Lock file integrity: Verify that package-lock.json, yarn.lock, or equivalent files are committed and consistent. If a lock file is missing or altered, unexpected package versions can be introduced into the build.
Dependency confusion: Confirm that internal packages use scoped names or private registries to prevent attackers from publishing malicious packages with the same name on public registries.

For a deeper understanding of how automated tools identify these risks, read the upcoming guide on how AI code review detects dependency vulnerabilities, which walks through the detection workflow in detail.

6/ Error handling and security logging

Verbose error messages are a gift to attackers. A stack trace that reveals internal file paths, database table names, or framework versions gives an attacker a detailed map of the application's internals. Production error responses should return generic messages to end users while logging full diagnostic details to internal monitoring systems.

Here's the difference in practice:

# UNSAFE - leaks internal details to the user
except Exception as e:
	return jsonify({"error": str(e), "trace": traceback.format_exc()}), 500
# SAFE - generic response, detailed internal log
except Exception as e:
	logger.error(f"Payment processing failed: {e}", exc_info=True)
	return jsonify({"error": "Something went wrong. Please try again."}), 500

Logging itself introduces security concerns when handled carelessly. Passwords, API tokens, session IDs, and PII should never appear in log output. Log injection attacks, where an attacker inserts newline characters or control sequences into logged fields, can corrupt audit trails and mislead incident responders.

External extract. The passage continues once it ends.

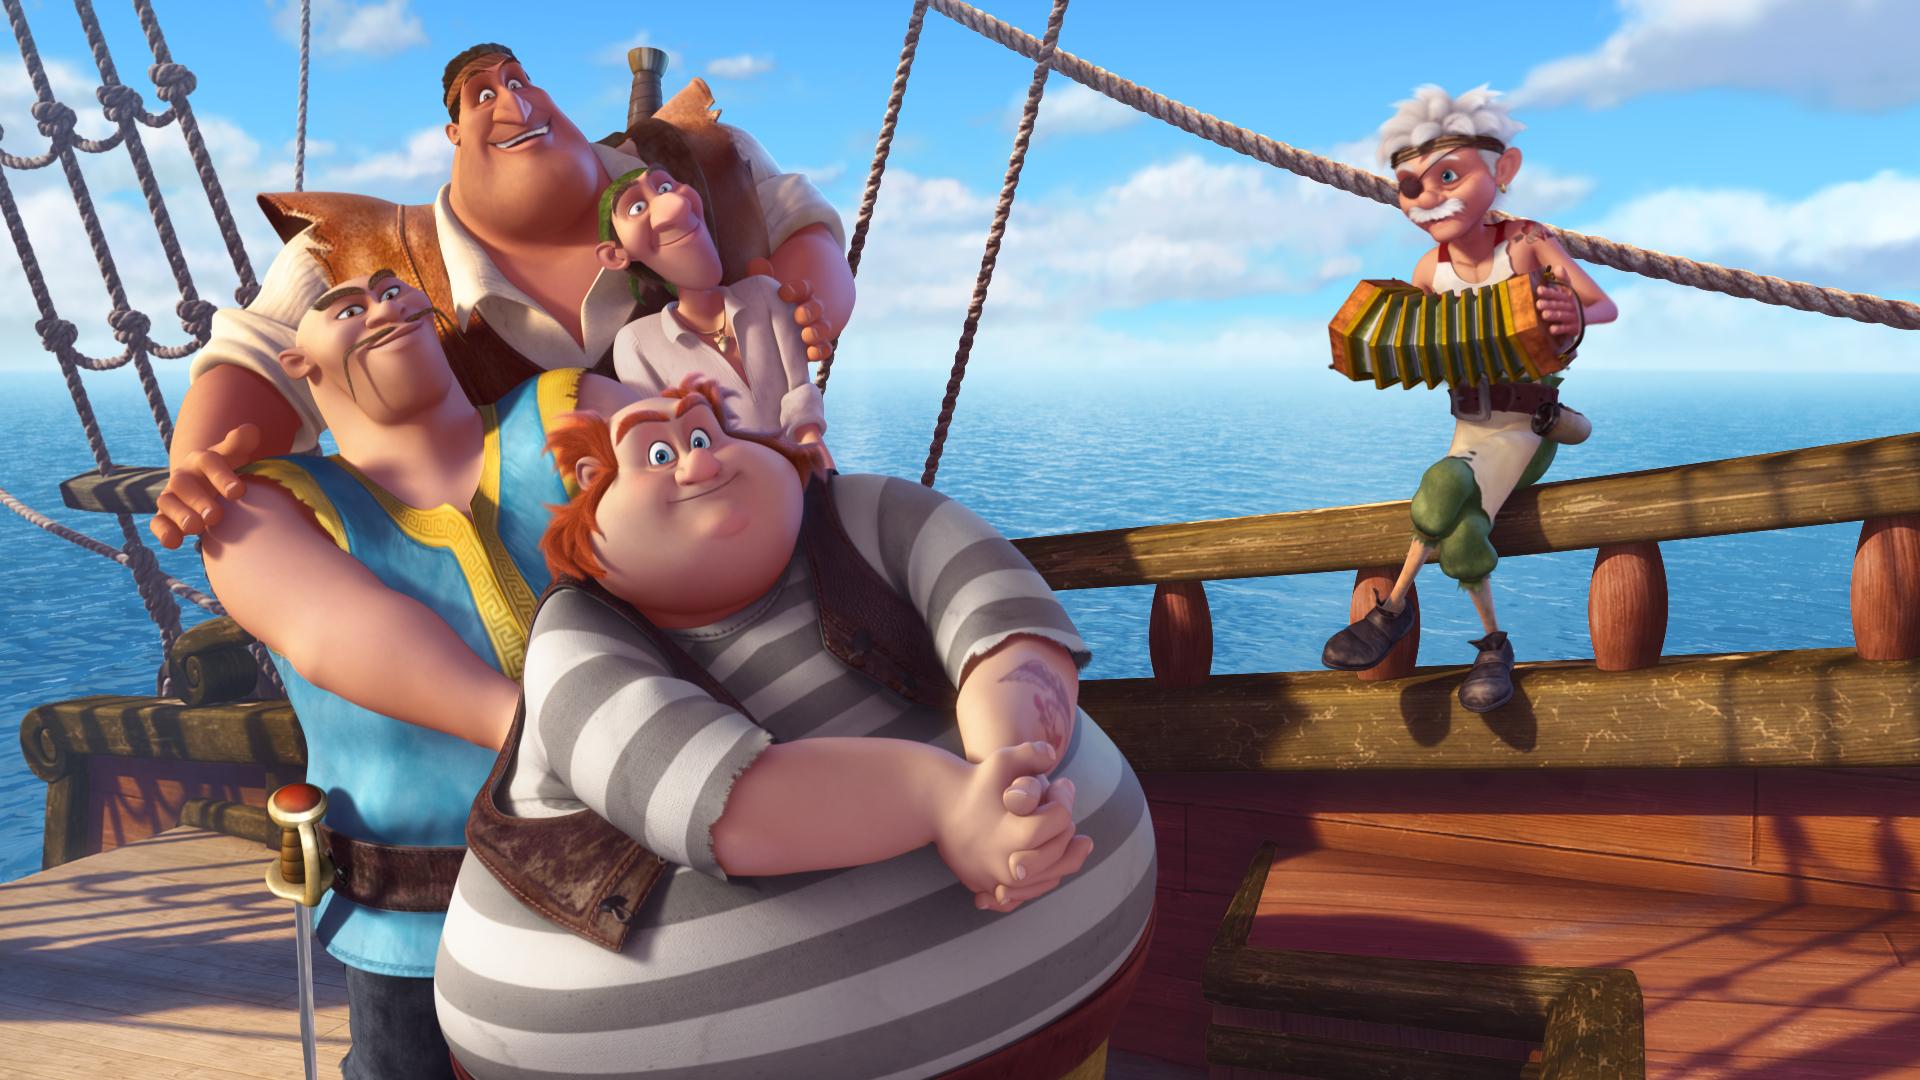 Pirate Crew (The Pirate Fairy)

What to log: authentication events (successful logins, failed attempts, logouts, password resets) with timestamps, user identifiers, and source IPs. Authorisation denials with the user, the resource, and the reason for the block. Input validation failures that could indicate probing or scanning.

What to never log: passwords, tokens, API keys, session IDs, full credit card numbers, Social Security numbers, or raw request bodies that may contain sensitive user data.

How AI code review catches what reviewers miss

Human reviewers bring judgment to business logic, architecture, and context-specific risks. But they lose focus over time, especially with large or multiple PRs. Security checks are repetitive, but they also depend on context. Verifying queries, data flows, access control, and secrets requires understanding how changes interact across files.

Refacto reviews the full PR context to identify vulnerability patterns, exposed secrets, insecure data flows, and missing validation. It runs automatically and delivers inline comments with actionable fixes.

The most effective process combines both:

AI handles repetitive checks and surfaces contextual risks across the PR
Humans focus on deeper issues like business logic and architecture

With a consistent checklist and AI-assisted review, teams can catch vulnerabilities early without slowing down development.